YOUR ASSIGNMENT: Look through the material below. Return exactly the lines from the one with "Can ugly people really find true love?" through the one with "A collection of", both included.

┌────────

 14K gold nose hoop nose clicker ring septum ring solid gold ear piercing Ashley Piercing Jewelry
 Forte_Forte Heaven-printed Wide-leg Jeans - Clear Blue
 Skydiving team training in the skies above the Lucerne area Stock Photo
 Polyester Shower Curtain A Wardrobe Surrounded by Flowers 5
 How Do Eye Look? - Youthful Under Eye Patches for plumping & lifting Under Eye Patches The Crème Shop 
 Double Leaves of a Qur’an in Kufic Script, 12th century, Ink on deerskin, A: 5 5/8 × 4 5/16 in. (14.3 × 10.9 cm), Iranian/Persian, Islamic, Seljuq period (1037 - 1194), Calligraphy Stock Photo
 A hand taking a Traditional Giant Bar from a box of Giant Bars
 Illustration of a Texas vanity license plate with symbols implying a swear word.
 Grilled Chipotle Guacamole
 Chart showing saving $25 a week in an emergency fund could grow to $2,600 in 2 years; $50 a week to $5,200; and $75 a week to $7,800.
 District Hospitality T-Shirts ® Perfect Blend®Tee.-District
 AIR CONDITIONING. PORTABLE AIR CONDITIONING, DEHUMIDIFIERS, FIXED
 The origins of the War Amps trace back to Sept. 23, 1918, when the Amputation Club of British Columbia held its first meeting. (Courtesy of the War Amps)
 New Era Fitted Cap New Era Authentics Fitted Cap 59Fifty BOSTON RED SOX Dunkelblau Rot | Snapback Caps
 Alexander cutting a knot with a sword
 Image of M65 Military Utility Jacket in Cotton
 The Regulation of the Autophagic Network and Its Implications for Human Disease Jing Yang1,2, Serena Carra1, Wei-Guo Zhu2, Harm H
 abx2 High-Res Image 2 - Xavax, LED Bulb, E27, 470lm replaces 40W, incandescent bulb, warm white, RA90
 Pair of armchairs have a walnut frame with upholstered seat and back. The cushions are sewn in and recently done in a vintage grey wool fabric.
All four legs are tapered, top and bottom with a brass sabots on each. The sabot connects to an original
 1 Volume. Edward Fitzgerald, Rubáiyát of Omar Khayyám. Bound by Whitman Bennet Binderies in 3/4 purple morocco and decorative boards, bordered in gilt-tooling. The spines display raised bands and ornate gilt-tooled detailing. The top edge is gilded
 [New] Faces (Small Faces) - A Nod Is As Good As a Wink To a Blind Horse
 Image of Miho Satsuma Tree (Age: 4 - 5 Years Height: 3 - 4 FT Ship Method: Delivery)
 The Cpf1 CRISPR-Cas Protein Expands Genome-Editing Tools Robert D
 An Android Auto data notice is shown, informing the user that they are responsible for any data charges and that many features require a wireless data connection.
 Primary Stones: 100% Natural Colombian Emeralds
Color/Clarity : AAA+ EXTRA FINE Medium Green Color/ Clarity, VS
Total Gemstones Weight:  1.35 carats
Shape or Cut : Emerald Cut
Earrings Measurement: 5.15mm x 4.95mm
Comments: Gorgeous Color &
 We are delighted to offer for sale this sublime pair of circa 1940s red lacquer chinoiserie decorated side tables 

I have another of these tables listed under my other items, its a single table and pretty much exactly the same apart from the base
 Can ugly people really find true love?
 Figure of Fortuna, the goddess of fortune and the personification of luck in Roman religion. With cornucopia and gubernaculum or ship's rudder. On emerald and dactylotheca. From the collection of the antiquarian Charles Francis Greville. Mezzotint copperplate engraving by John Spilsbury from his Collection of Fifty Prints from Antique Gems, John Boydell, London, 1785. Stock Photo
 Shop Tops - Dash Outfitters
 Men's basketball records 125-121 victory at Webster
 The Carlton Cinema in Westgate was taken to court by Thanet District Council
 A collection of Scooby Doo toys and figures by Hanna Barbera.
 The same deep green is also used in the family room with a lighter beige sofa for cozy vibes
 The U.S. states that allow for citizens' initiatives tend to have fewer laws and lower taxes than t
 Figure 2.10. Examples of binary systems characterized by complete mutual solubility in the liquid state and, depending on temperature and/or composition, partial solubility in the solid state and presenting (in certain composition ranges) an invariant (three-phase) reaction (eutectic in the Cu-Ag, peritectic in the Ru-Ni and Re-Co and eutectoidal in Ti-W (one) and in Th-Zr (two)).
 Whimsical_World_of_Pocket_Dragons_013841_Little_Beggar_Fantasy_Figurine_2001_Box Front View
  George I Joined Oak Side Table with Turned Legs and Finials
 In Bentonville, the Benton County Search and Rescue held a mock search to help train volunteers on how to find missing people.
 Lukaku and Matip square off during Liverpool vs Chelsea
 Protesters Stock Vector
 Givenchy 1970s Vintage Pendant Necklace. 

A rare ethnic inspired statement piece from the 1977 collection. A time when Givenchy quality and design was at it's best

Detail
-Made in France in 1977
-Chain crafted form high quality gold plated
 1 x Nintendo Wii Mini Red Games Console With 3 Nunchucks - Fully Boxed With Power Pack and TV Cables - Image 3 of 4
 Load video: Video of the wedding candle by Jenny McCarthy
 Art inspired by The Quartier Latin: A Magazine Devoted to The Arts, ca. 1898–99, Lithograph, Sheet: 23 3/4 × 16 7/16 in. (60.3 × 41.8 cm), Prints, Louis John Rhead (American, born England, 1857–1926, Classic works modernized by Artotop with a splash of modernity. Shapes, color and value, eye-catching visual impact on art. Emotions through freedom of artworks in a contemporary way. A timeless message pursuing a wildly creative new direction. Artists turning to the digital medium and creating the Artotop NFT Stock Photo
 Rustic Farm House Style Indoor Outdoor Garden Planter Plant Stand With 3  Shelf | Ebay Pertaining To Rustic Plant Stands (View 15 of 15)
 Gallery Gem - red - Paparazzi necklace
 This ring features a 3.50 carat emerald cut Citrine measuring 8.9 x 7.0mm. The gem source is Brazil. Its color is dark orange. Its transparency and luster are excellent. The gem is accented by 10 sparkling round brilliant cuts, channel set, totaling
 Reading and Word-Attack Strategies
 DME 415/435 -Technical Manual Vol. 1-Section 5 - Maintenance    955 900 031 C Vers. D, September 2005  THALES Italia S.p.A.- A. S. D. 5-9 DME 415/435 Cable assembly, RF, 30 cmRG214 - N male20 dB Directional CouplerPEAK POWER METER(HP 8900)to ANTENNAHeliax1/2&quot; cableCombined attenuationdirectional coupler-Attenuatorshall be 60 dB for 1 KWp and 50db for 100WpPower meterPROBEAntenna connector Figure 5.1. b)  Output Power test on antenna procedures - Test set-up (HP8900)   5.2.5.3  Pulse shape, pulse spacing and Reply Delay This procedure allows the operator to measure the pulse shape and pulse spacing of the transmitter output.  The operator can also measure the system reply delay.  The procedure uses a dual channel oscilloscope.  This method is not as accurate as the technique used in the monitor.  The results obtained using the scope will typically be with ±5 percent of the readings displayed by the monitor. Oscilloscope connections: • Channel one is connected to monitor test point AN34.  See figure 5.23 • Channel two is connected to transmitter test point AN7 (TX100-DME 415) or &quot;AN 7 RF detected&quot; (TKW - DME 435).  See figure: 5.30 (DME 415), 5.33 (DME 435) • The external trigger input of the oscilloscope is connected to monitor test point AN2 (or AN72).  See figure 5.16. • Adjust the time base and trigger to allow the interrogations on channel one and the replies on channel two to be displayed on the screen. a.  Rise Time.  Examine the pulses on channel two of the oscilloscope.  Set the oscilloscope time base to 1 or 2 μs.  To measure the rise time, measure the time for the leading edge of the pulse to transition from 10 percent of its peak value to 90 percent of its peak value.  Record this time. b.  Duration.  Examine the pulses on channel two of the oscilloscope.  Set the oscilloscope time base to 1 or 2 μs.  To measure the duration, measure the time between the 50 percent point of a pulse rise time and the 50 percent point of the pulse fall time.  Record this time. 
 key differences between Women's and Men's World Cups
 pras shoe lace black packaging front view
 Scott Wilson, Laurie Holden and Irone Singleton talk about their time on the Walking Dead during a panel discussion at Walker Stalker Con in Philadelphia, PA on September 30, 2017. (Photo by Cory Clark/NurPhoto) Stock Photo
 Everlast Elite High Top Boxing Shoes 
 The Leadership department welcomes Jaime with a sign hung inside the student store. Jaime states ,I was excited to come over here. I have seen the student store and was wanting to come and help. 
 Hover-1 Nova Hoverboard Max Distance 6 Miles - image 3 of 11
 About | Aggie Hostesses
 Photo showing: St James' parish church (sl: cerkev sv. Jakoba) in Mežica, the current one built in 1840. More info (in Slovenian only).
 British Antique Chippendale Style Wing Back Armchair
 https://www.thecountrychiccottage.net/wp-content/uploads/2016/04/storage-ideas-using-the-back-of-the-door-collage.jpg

└────────

YOUR SOLUTION:
 Can ugly people really find true love?
 Figure of Fortuna, the goddess of fortune and the personification of luck in Roman religion. With cornucopia and gubernaculum or ship's rudder. On emerald and dactylotheca. From the collection of the antiquarian Charles Francis Greville. Mezzotint copperplate engraving by John Spilsbury from his Collection of Fifty Prints from Antique Gems, John Boydell, London, 1785. Stock Photo
 Shop Tops - Dash Outfitters
 Men's basketball records 125-121 victory at Webster
 The Carlton Cinema in Westgate was taken to court by Thanet District Council
 A collection of Scooby Doo toys and figures by Hanna Barbera.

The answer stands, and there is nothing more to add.